The God of Renewal: Entering the New Year with Confidence in God’s Eternal Faithfulness

 

At the core of Christianity is the concept of renewal. Indeed, this is more than just a mere concept; it is a reality every born-again Christian experiences. Today, on the brink of another new year, our thoughts go once more into what this means personally for us, and we would surmise, for every Christian.

When Christ was with us(humanity) on Earth, He taught us a lot about the Kingdom of God and a renewed relationship with our Creator within that Kingdom. Our renewed identity as Christians is not just something on the surface or found in one aspect but deep and enveloping. The Bible describes it in many ways. As a new birth, new heart, new strength, and new spirit. God intends and plans for His people to always progress toward a future of hope (Jeremiah 29:11).

 

 

The word renewal has close connotations with another term, regeneration. In principle, regeneration means to generate or to live again. In short, to live a new life. God regenerates us, making us spiritually alive through our faith in Christ, and then we live a life of continuous renewal through that faith.

At the center of the Gospel message is God working to restore fellowship with humankind and all creation, once separated from Him by sin and disobedience. This work by God stems from one of His central character traits, love. His love is the motivating force that moves to unite us with Him and our brethren. It brings salvation and eternal life and blesses us with His relationship and grace. In the process, God promises renewal at every point of our being and life.

We cannot achieve this kind of renewal on our own. Jesus made it possible at Calvary with His great sacrifice on our behalf. Through that sacrifice, Christ establishes a new covenant between God and us and opens the way to God’s blessing to all who believe. Through our faith in Christ and that new covenant, we gain a new self that looks more like the humanity God always intended, pure and unblemished, filled with righteousness and holiness (Ephesians 4:24).

Our new selves relate to God through Christ in a new and living way. We are not yet perfect, yet there is progressive growth in love, joy, and peace as we seek, find, and follow Christ. This, in essence, is what it means to carry the name of someone who belongs to Christ.

 

 

From our renewed identity comes many other renewals. But it does not end there. The culmination of the whole of this is a new heaven and new earth (2 Peter 3:13). Our renewal is not just a reformed worldview or orientation in life, significant though that may be. It is a preparation for something greater in our futures. One day, God will complete His work to its full extent. We will receive new incorruptible resurrection bodies (1 Corinthians 15:52) that will live forever with God in that new Kingdom.

Long ago, just after the Creation, God had made humankind as He had originally intended. We were made perfect, and our purpose was to have a relationship with God that was so intimate it was like father and child.

Just recently, we celebrated Christmas.

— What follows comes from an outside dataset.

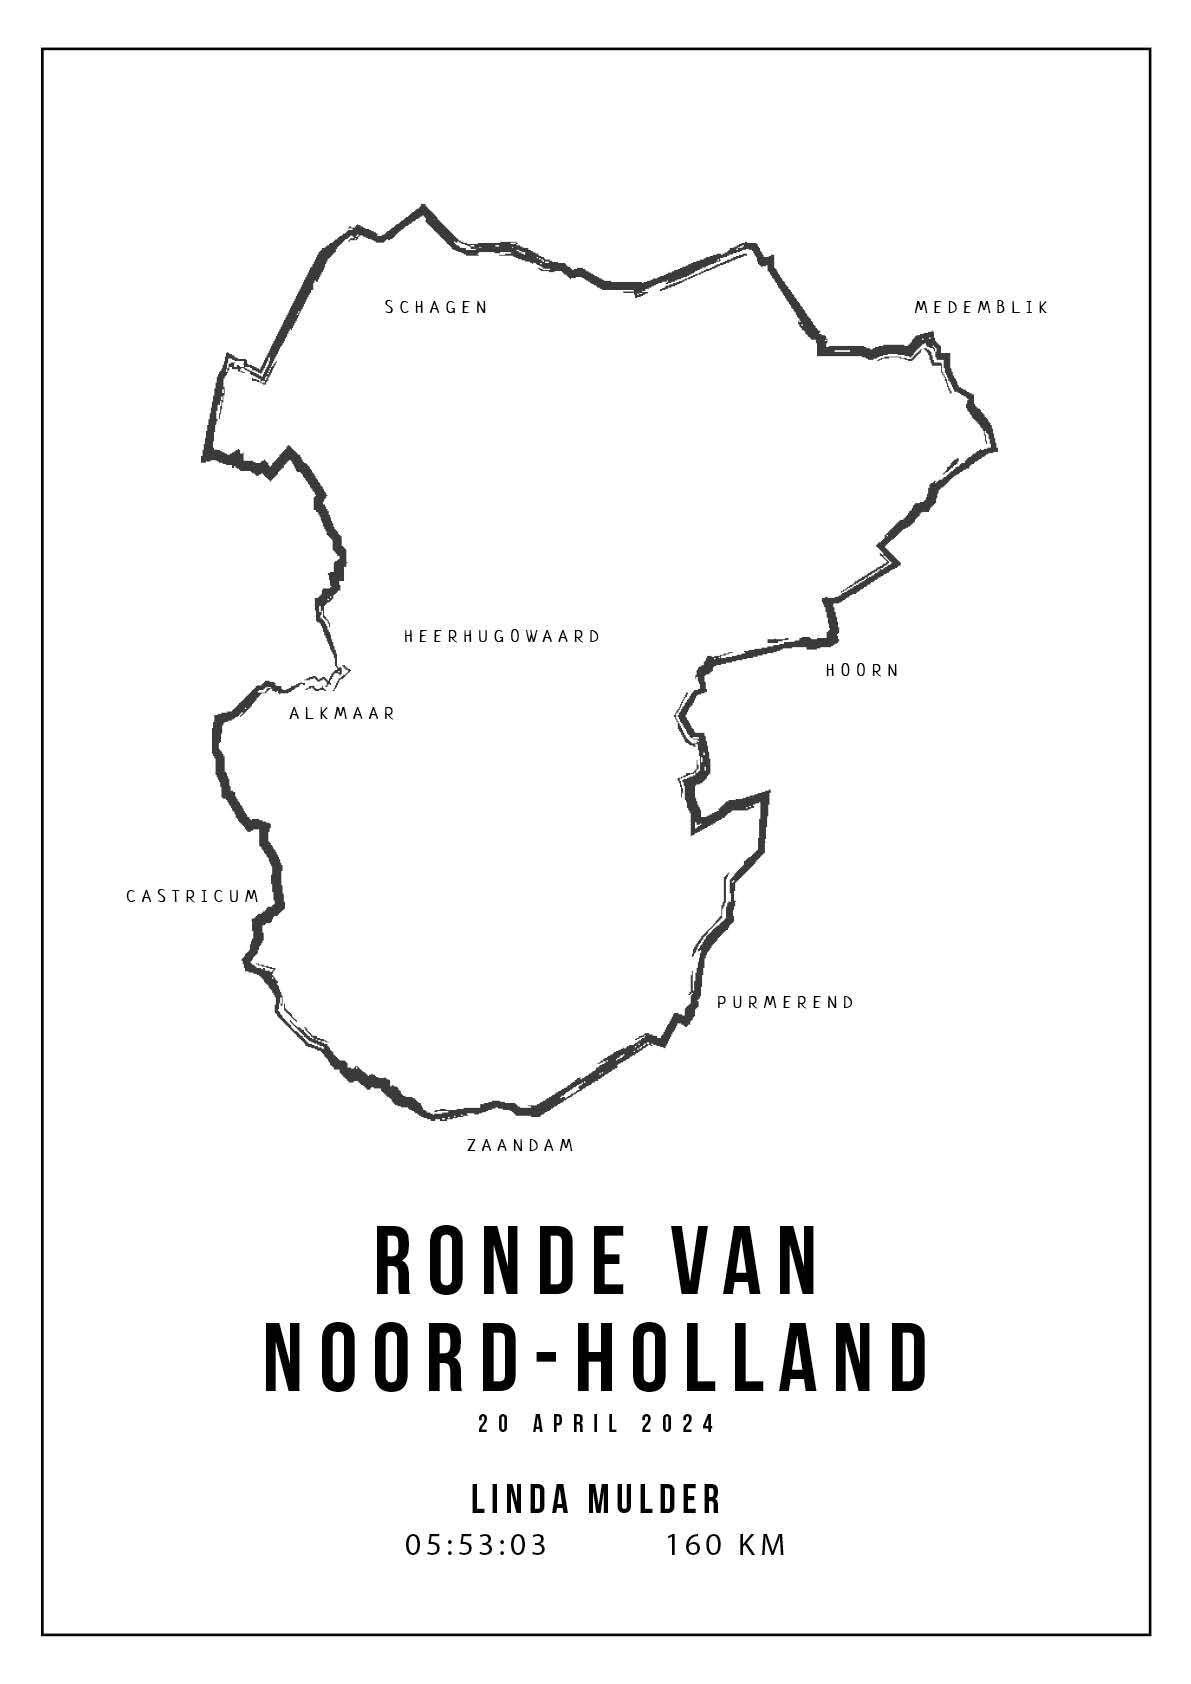 Ronde van Noord-Holland - Handmade Drawing - Poster

We know that Christ came that first time so that He could establish a new covenant between God and us. This new covenant through Christ is part of a deep, enduring, and sustained plan by God to return all of creation back to its original design. And in that plan, God has always kept us in His mind.

 

 

One day Christ Jesus will bring the plan to culmination and completion. And even the physical will be as they were in the Garden. What we read in Revelation is an echo, a re-creation of that first paradise in Genesis. But this time, it will be on a grander scale, one able to accommodate all the people over the centuries who have embraced Christ and received eternal life.

As we usher in a new year and all thoughts turn to renewal, let us as Christians hold on unwaveringly to our hope and look to that most significant of God’s promises for we know He is faithful (Hebrews 10:23).